Platform Health: A Shared Mental Model
The reframe is simple: stop talking about debt and start talking about health.
“Technical debt” implies a ledger, something you can choose to pay down or defer. It positions engineering work as a cost. “Platform health” implies a living system that needs to be maintained, something everyone has a stake in. It positions engineering work as an investment in the reliability and capability of the product.
This isn’t just semantics. The shift changes three things about how the conversation works.
First, it removes the adversarial dynamic. Nobody argues against keeping a system healthy. The debate shifts from “should we do this?” to “how healthy do we need this system to be, and what does that require?”
Second, it makes the work measurable. Health implies indicators. You can observe it, track it, and set thresholds. This is where SLOs come in.
Third, it connects engineering concerns directly to customer outcomes. An unhealthy platform isn’t an abstract engineering problem. It’s slower response times, more incidents, and worse customer experience. In regulated industries, it can also mean compliance risk.
SLOs as the Shared Language
Service Level Objectives are the bridge between engineering and product. Rather than engineering saying “we need to refactor the payment service” and product asking “why?”, the conversation becomes grounded in observable metrics.
We can say: “The payment service SLO is 99.9% availability over a rolling 30-day window. We’re currently at 99.7% and trending down. Here’s what that means in customer impact terms, and here’s what we need to do to recover the margin.”
That’s a conversation product can engage with. They understand targets, they understand trends, and they understand customer impact. The engineering work to improve the service isn’t a mysterious tax.
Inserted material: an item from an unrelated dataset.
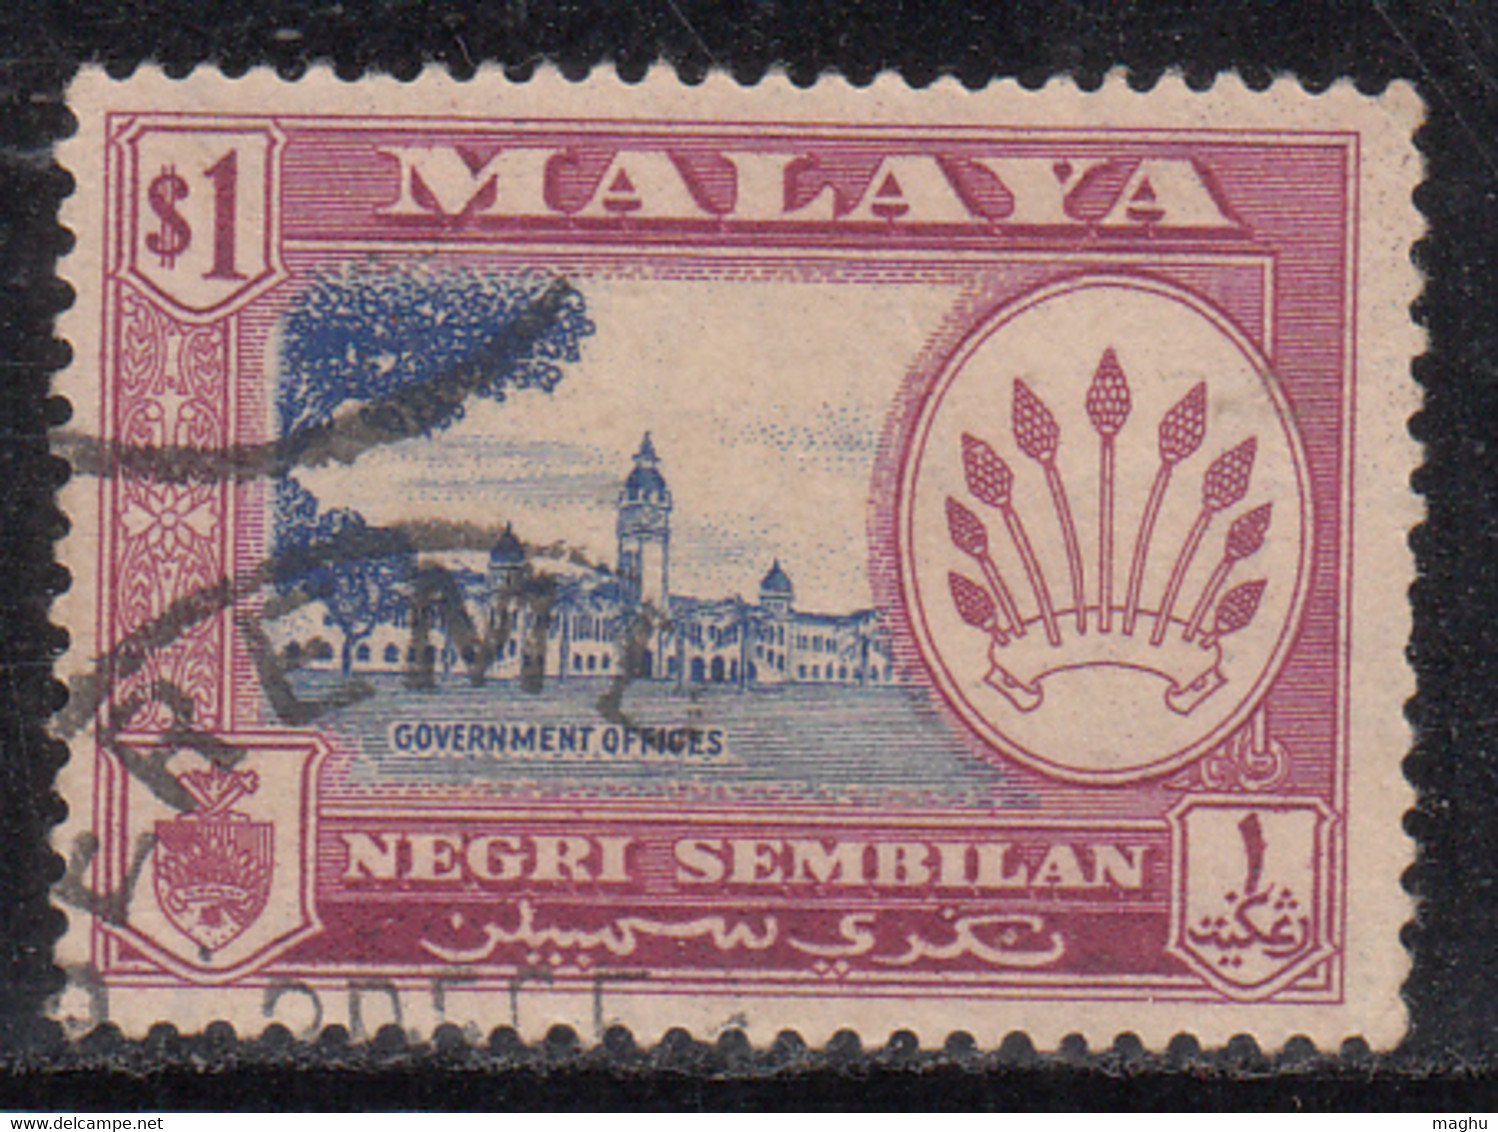 $1 Used Negri Sembilen,  Malaya, Malaysia Used 1957 - Negri Sembilan

It’s a specific investment to maintain a specific standard that everyone has agreed to.
The key is that SLOs need to be set collaboratively. Engineering can’t unilaterally declare that a service needs five-nines availability if the business context doesn’t warrant it. Product can’t insist on shipping features if the platform health indicators are in the red. The SLO is the contract between them.
Making It Practical
If you want to try this reframe in your own organisation, here’s what I’d suggest.
Start with the systems that matter most. Pick three to five services that directly affect customers or revenue. Define SLOs for each: availability, latency, error rate. Keep it simple initially.
Make the health visible. Build a dashboard that shows current status against SLOs. Red, amber, green. Put it somewhere that product managers and engineering leads can both see it. The visibility alone changes behaviour.
Agree on the response. When a service drops below its SLO threshold, that’s not a request. It’s a commitment. The team has pre-agreed that platform health work takes priority when indicators breach a certain level. This removes the quarterly negotiation entirely.
Track and report on health over time. Show the trend. Celebrate when a service moves from amber to green. This builds the muscle of treating platform health as a continuous discipline rather than an occasional fire drill.
The Cultural Shift
The most significant change isn’t in the process. It’s in how people talk about their work. Engineers stop framing improvements as “paying down debt” and start framing them as “improving platform health.” That might sound like a subtle difference, but it changes the emotional register of the conversation from apologetic to proactive.
Product teams stop seeing engineering maintenance as lost velocity and start seeing it as part of how you sustainably deliver velocity. When the platform is healthy, you ship faster and with fewer surprises. When it’s not, everything slows down. That’s an argument product intuitively understands.
The phrase “technical debt” will probably never go away. But in my experience, the teams that find a better shared language for the tension between building new things and maintaining existing ones are the teams that consistently deliver well over the long term.
It starts with retiring a metaphor that has outlived its usefulness and replacing it with one that invites everyone into the conversation.